Use case #3 – Double Failure Case: Primary GGHub Failure and Standby GGHub Connectivity Failure
If the primary GGhub crashes and communication cannot be established with the standby file system when it comes back online, the following messages will be output into the primary CRS trace file (crsd_scriptagent_grid.trc) on the active cluster node:
2023-06-21 17:08:52.621:[acfs_primary]{1:40360:36312} [start] WARNING: PRIMARY file system /mnt/acfs_gg previously crashed
2023-06-21 17:08:55.678:[acfs_primary]{1:40360:36312} [start] WARNING: STANDBY not accessible - disabling acfs_primary
If an attempt is made to manually restart the primary file system, an additional message will be output into the CRS trace file:
2023-06-21 17:25:54.224:[acfs_primary]{1:40360:37687} [start] WARNING:
PRIMARY /mnt/acfs_gg disabled to prevent split brain
Use the following action plan with this scenario.

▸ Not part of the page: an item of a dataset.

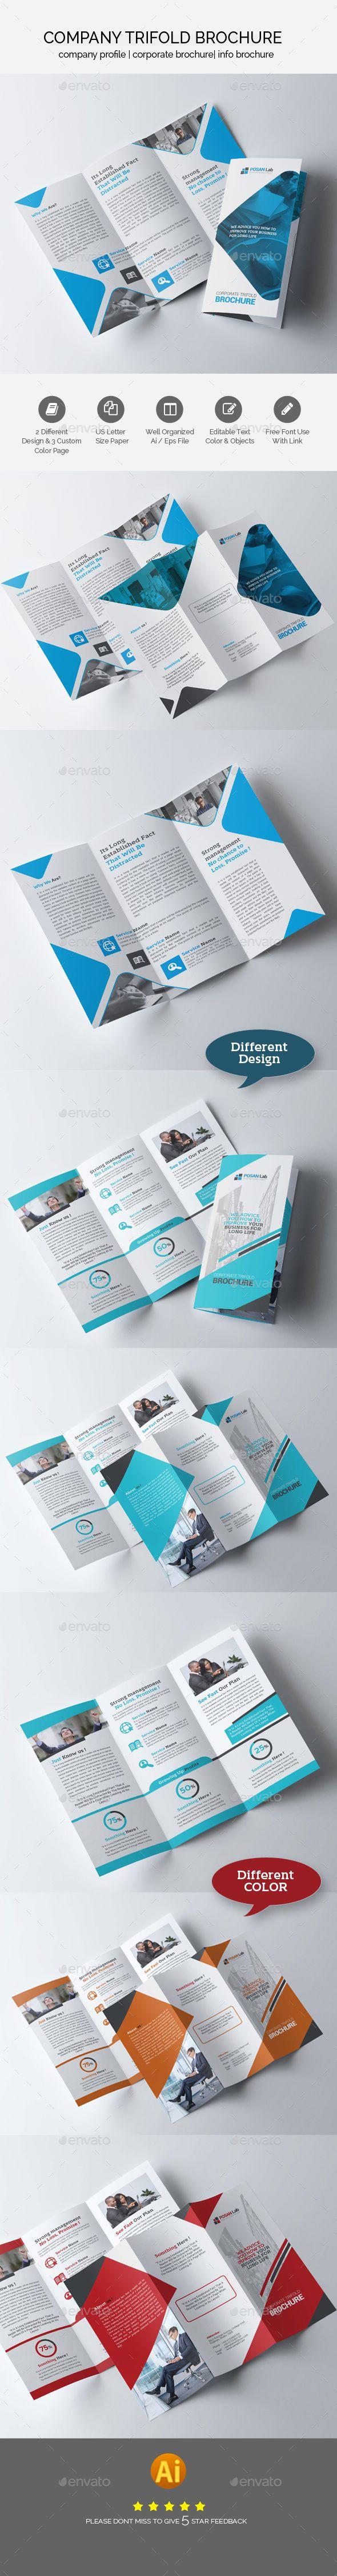 Business Trifold Brochure Design Bundle Templates Vector EPS, AI Illustrator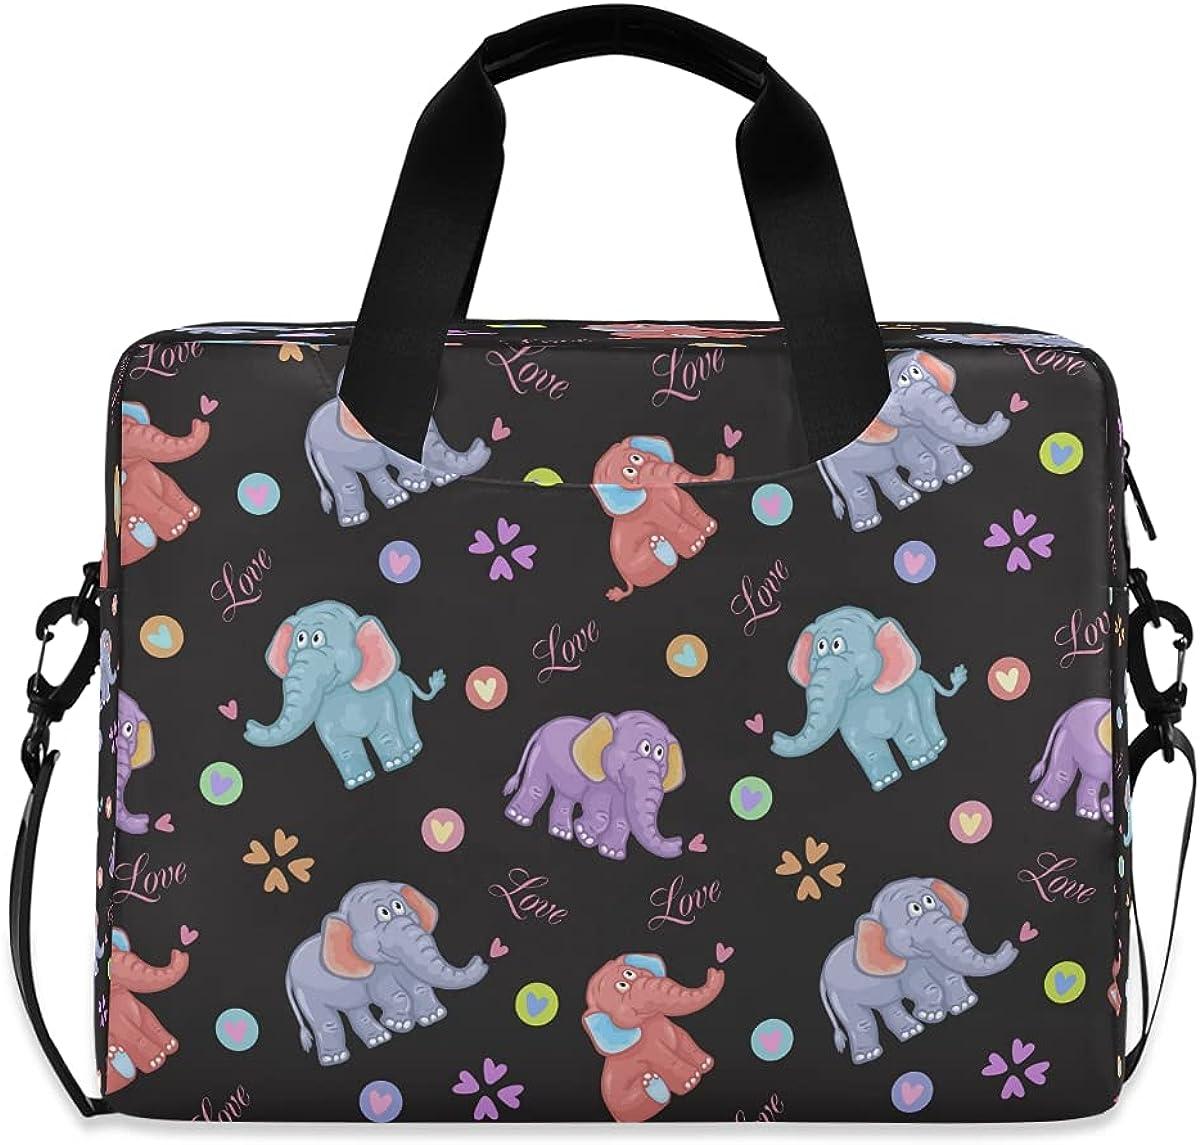 JMbuild Laptop Case 15.6 inch Compu Pattern Oklahoma Max 48% OFF City Mall Animal Elephant Cute

- Check the standby file system, using the command ‘acfsutil repl util verifystandby /mnt/acfs_gg -v’ to determine why the standby hub is inaccessible.
- If communication with the the standby file system can re-established,
restart GoldenGate on the primary
hub:
[grid@gghub_prim1]$ agctl start goldengate <instance_name> # Specify the GoldenGate instance name [grid@gghub_prim1]$ agctl status goldengate Goldengate instance '<instance_name>' is running on gghub_prim1
- If communication with the standby file system cannot be re-established,
use the following commands to restart GoldenGate on the primary
hub:
[grid@gghub_prim1]$ echo "RESTART" > /mnt/acfs_gg/status/acfs_primary [grid@gghub_prim1]$ agctl start goldengate <instance_name> # Specify the GoldenGate instance name [grid@gghub_prim1]$ agctl status goldengate Goldengate instance '<instance_name>' is running on gghub_prim1
- When communication with the standby file system is restored, ACFS Replication will continue to replicate primary file system changes.